ABOUT THIS EXERCISE: The expected output is the full data, repeated exactly, without pictures.
--- SOURCE MATERIAL ---
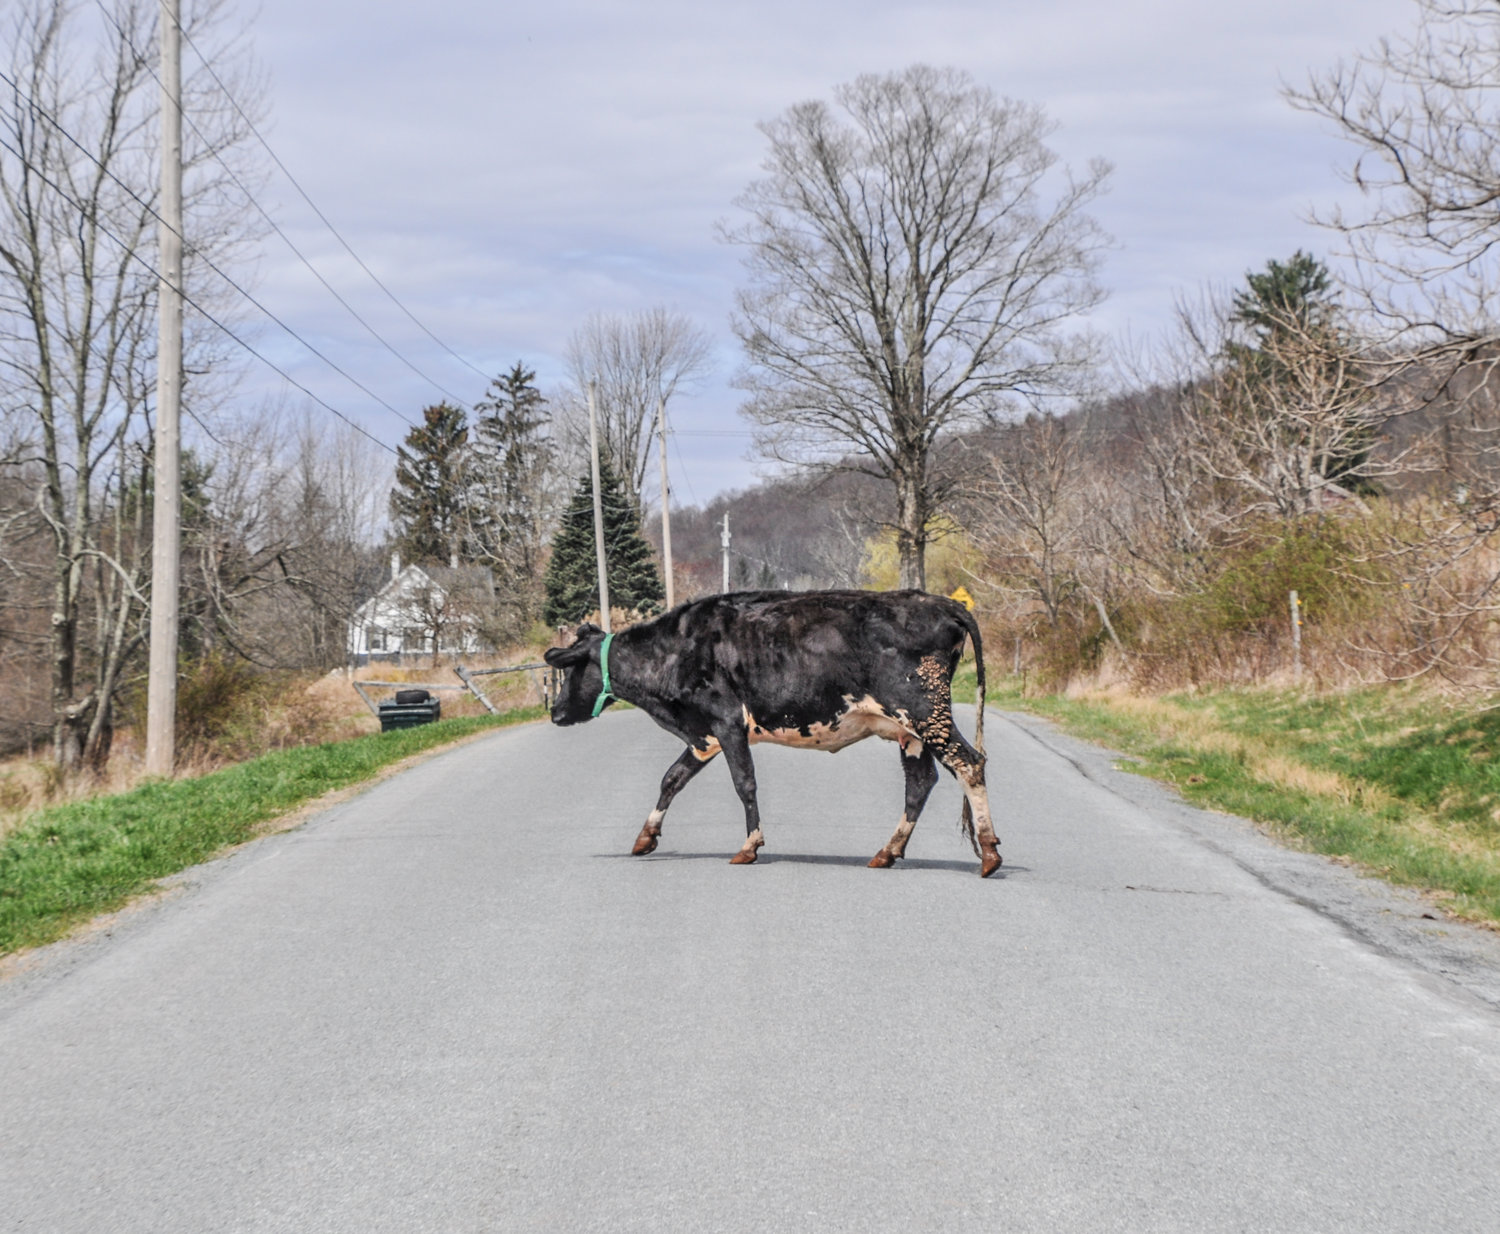 A friendly cow crossed the road to check out all of the excitement. We love cows.
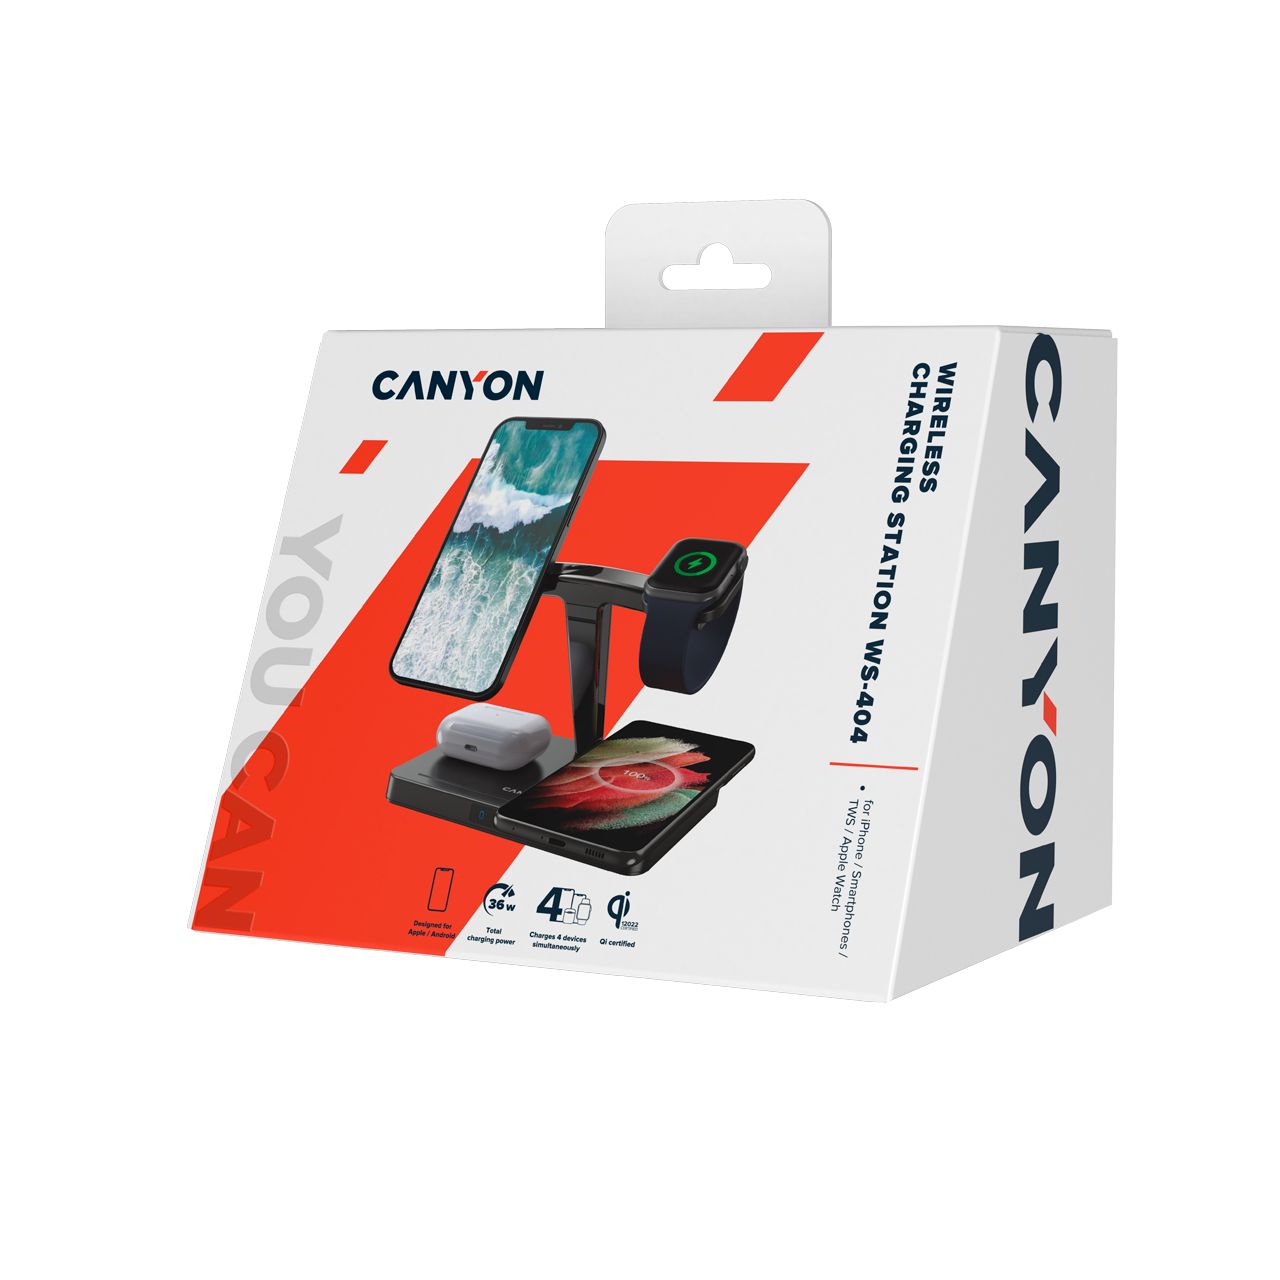 CANYON WS-404 4in1 Wireless charger, with input 12V3A DC Eu adapter , Output 15W/10W/7.5W/5W, 161*105*138mm, 0.510Kg, Black_2
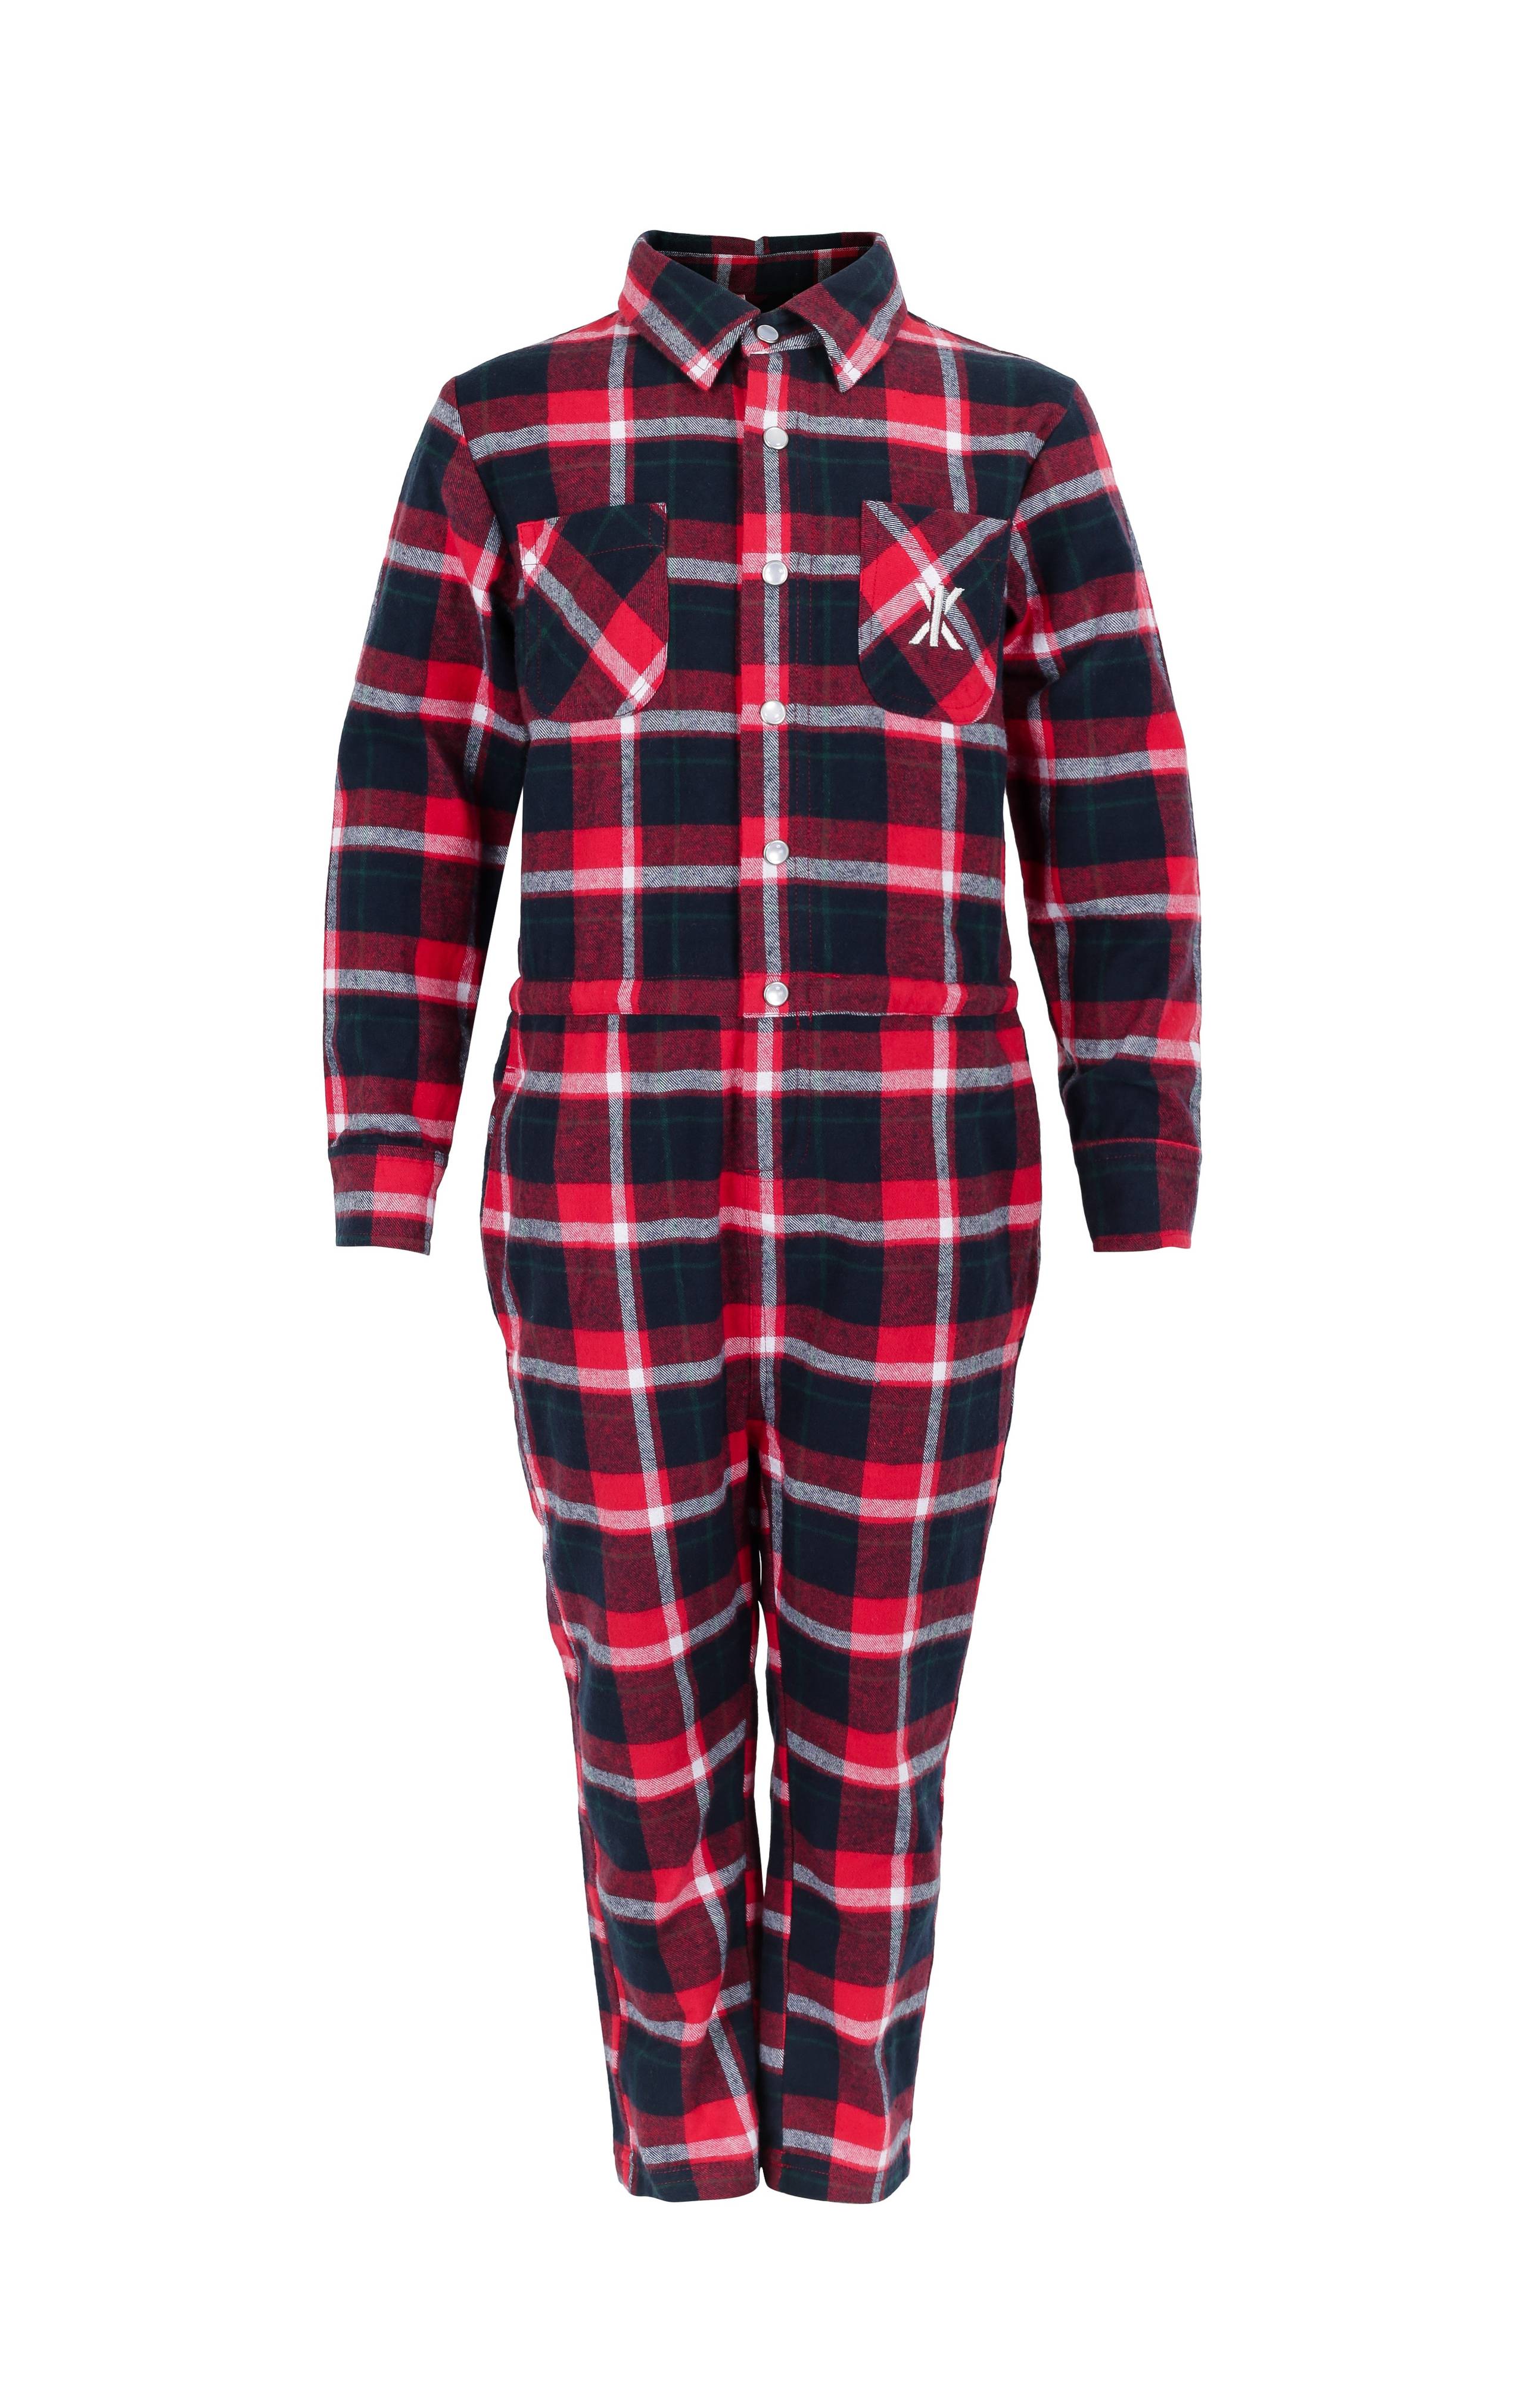 Onepiece Check Kids Jumpsuit Red / Black - 1
---
EXERCISE RESPONSE:
 A friendly cow crossed the road to check out all of the excitement. We love cows.
 CANYON WS-404 4in1 Wireless charger, with input 12V3A DC Eu adapter , Output 15W/10W/7.5W/5W, 161*105*138mm, 0.510Kg, Black_2
 Onepiece Check Kids Jumpsuit Red / Black - 1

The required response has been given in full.